The determination of whether a person is resident or non-resident falls under Section 6 of the Act, while the scope of their taxable income is governed by Section 5. Therefore, although the words “any person” in Section 194-IA appear broad, they cannot be interpreted in isolation to impose tax deduction obligations on non-residents lacking presence or business connections in India. Legislative clarity and territorial nexus remain fundamental principles in determining the extent of tax compliance obligations under the Act.

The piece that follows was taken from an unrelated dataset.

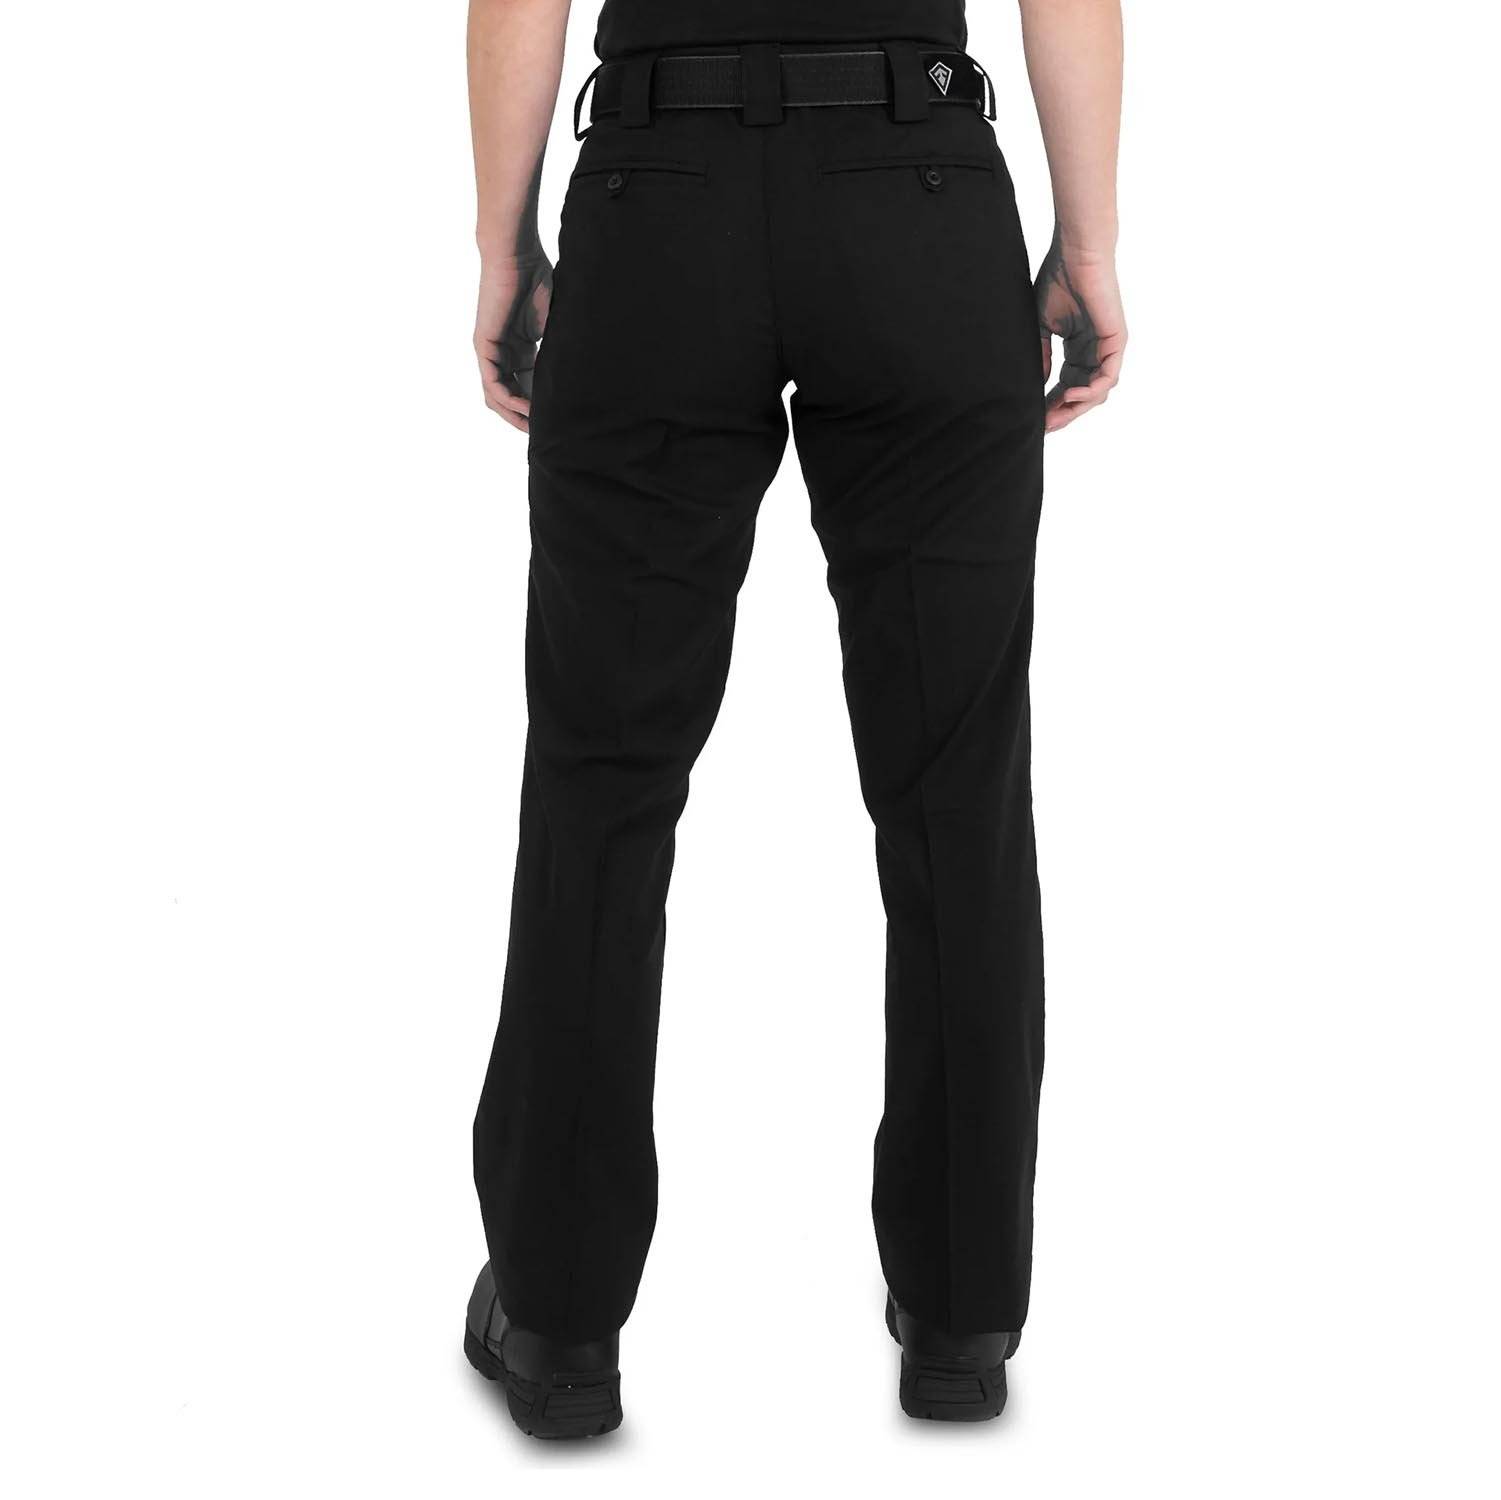 First Tactical Women's V2 Pro Duty Uniform Pants | Galls

Since Section 194-IA was introduced primarily to trace high-value property transactions and to bring transparency into the real estate sector, its core objective is informational in nature. However, even in the absence of TDS compliance under Section 194-IA, such transactions remain traceable through the alternative reporting mechanism prescribed under Section 285BA of the Act, read with Rule 114E of the Income-tax Rules, which mandates sub-registrars to report transactions of ₹30 lakh or more. This ensures that the tax department obtains visibility into significant property deals, reducing the necessity to impose TDS compliance obligations on non-resident buyers who lack any presence or business connection in India.

Role of DTAA

Since the purchase of property in India by a non-resident buyer does not result in any income in the hands of the buyer and given that TDS obligations are imposed purely under domestic tax law, there is no need to refer to Double Taxation Avoidance Agreements (DTAAs) for determining whether Section 194-IA applies to such transactions. The DTAA provisions allocate taxing rights over capital gains to India but do not impose any obligation on non-resident buyers to deduct tax at source. Therefore, the analysis of Section 194-IA’s applicability to non-resident buyers remains solely within the realm of domestic Indian law.

Conclusion

In view of above, a non-resident buyer of immovable property located in India is not liable to deduct tax at source under Section 194-IA, unless such buyer has a Permanent Establishment or a Business Connection in India. Inbound transactions by non-residents situated wholly outside Indian territory are not intended to be subject to TDS under the Act.

Further, Rule 114B of the Income-tax Rules states that PAN must be quoted by both the seller and the buyer in case of sale or purchase of immovable property where the value exceeds ₹10 lakhs. This may create an obligation on the non-resident buyer to obtain a PAN in India, purely for the purpose of reporting the transaction, even though there is no TDS liability under Section 194-IA.